Aug 4, 2005

Clothing Optional

freaky4
For those of you new to the site, welcome! Freaky Friday is the designated day for sex talk on my blog.

***IMPORTANT DISCLAIMER*** This is sexually explicit material and may not be suitable for younger members of our blogging audience.

Today, I want to talk about clothes and the part they play in sexual encounters. The way I see it, clothes can go either way in the turn-on process.

HOW LOW CAN YOU GO?
The more low-rised, cropped, micro-minied, plunging necklined and all-around body baring, the more attention you'll get. Letting it all hang out seems to be the style these days. Besides, how else are you going to show off all that work you do in the gym, your no-panty line, your boob job, your belly button ring, your tanning booth bronzed skin and your daisy tattoo? It's a look that says "come and get it 'cause I'm almost done!" The problem with this look is it may get you more than you bargained for.

MORE IS SOMETIMES LESS
On the other end of the spectrum, there's something very tantilizing about the Victorian era when you had to undo thousands of tiny satin buttons, maneuver around mountains of petti-coats and unlace corsettes to get to the good stuff. I'm reminded of the movie The Piano where Harvey Keitel discovers a tiny hole in Holly Hunter's stockings and the effect is...well...orgasmic.
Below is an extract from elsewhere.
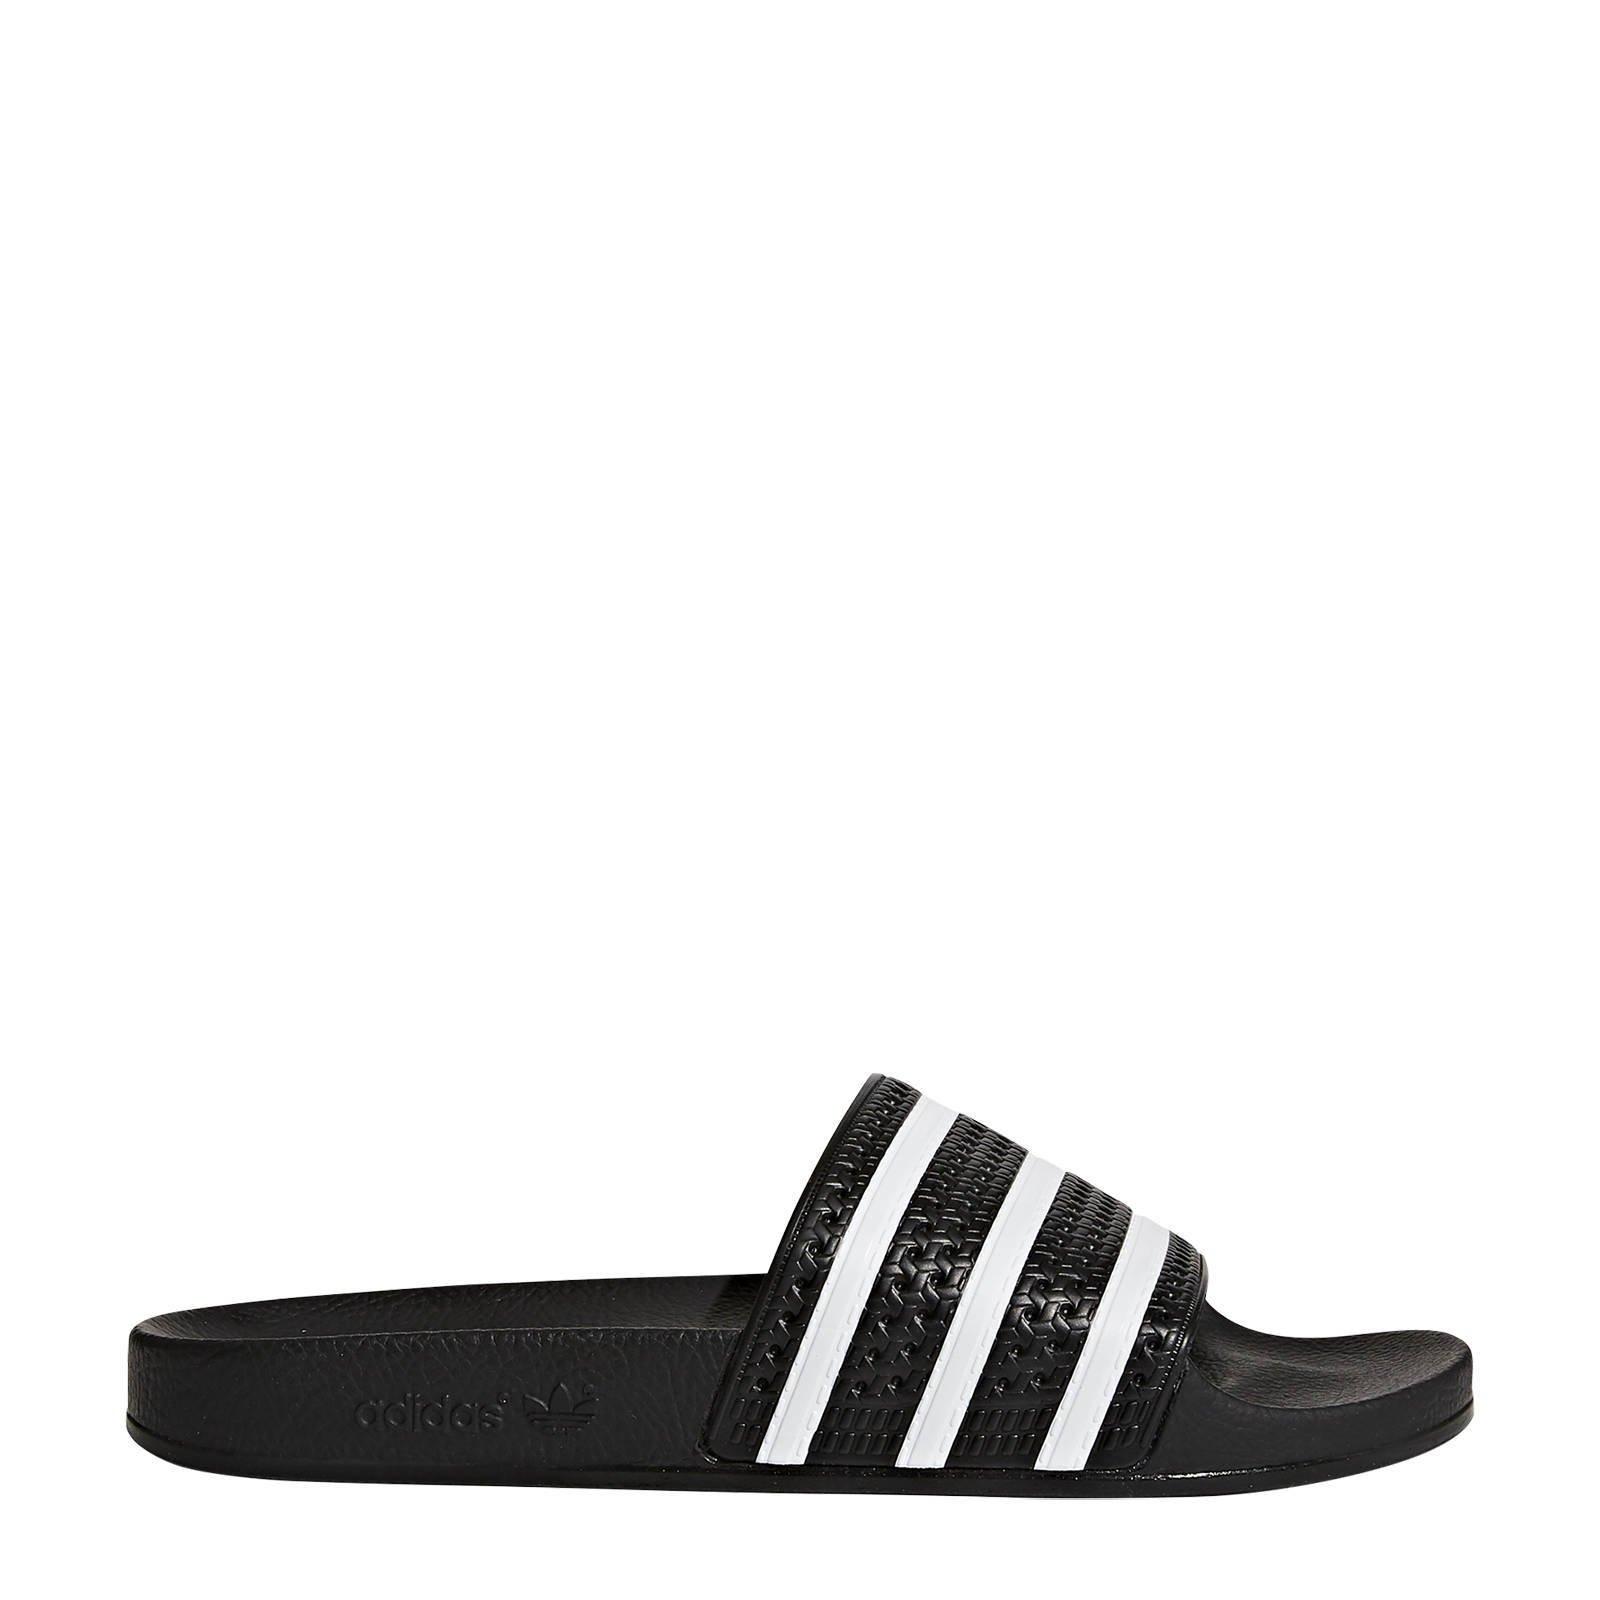 adidas Originals Adilette badslippers zwart/wit | wehkamp

Sometimes I don't think men understand this. They think it's sexy to shimmy out of their skivvies and jump around all dangley into bed. It's as if they have one thought and one thought alone. "Let's Get Naked!!!"

SIDEBAR
What is it about men and their inability to unfasten a bra? They are simple hook and eye closures, for God's sake! I unhook mine with one hand every single day. Is it that all the blood normally supplying the fastener part of the brain has traveled to a nether region, thus rendering men hook-challenged? Don't they know that struggling with bra removal tends to slow down all that sexual momentum they gained with dinner and drinks? If I were them I would practice. This is a much more useful skill than juggling tennis balls or twirling a basketball on your finger. Maybe they should develop a video game that strengthens coordination in this area. They could call it...uh...I don't know...Boob Raider?

IT'S NOT A SECRET ANYMORE
Wearing sexy lingerie makes women feel more sexy. And according to a man's reaction when you mention a Victoria's Secret catalog, they think it's hot too. But why should we spend mucho dinero on a lace teddy if it's ripped off our bodies in one second flat and tossed on the floor? Come on, caress the silky satin, love the lace, take the straps down with your teeth. I'll leave it to your imagination what to do with the snap crotch. Did you even KNOW there was a snap crotch?

10 comments:

Duke_of_Earle said...

Karyn,

Uh... hang on a minute.

Hmmm.

Darn it, I had a great comment all ready to make here, but I got to the part about the snap crotch, and all my blood supply to my brain seems to have gone somewhere else.

Maybe later.

John

Karyn Lyndon said...

Funny, funny guy...

Anonymous said...

Two words keep going through my mind: snap crotch, snap crotch.

Karyn Lyndon said...

It does have a nice ring to it.

Hale McKay said...

I experienced undies with snap crotches before I discovered the edible variety. I forget are the snap kind fun?

Karyn Lyndon said...

I'm not talking about the plastic pants that go over diapers...although I suppose they could be interesting if you're into that.

:)

Bill said...

Karyn... I've often said that the sexiest thing a woman can wear, is, whatever makes her *feel* sexy!!

'Cause when a woman feels sexy, she just plain is sexy!!

Karyn Lyndon said...

'swhat I'm sayin'!

Nankin said...

Karyn:
Ever try butt floss (thong underwear)? Maybe I'm just too old to adapt, but I think it hurts. That reminds me, I saw a pic of some dude on a beach in CA. He had on a thong suit that consisted of the string up the crack and a pouch. I couldn't stop laughing.

Karyn Lyndon said...

I have enough parts that chafe without adding yet another area...

My theory is, if you don't want panty lines...don't wear 'em!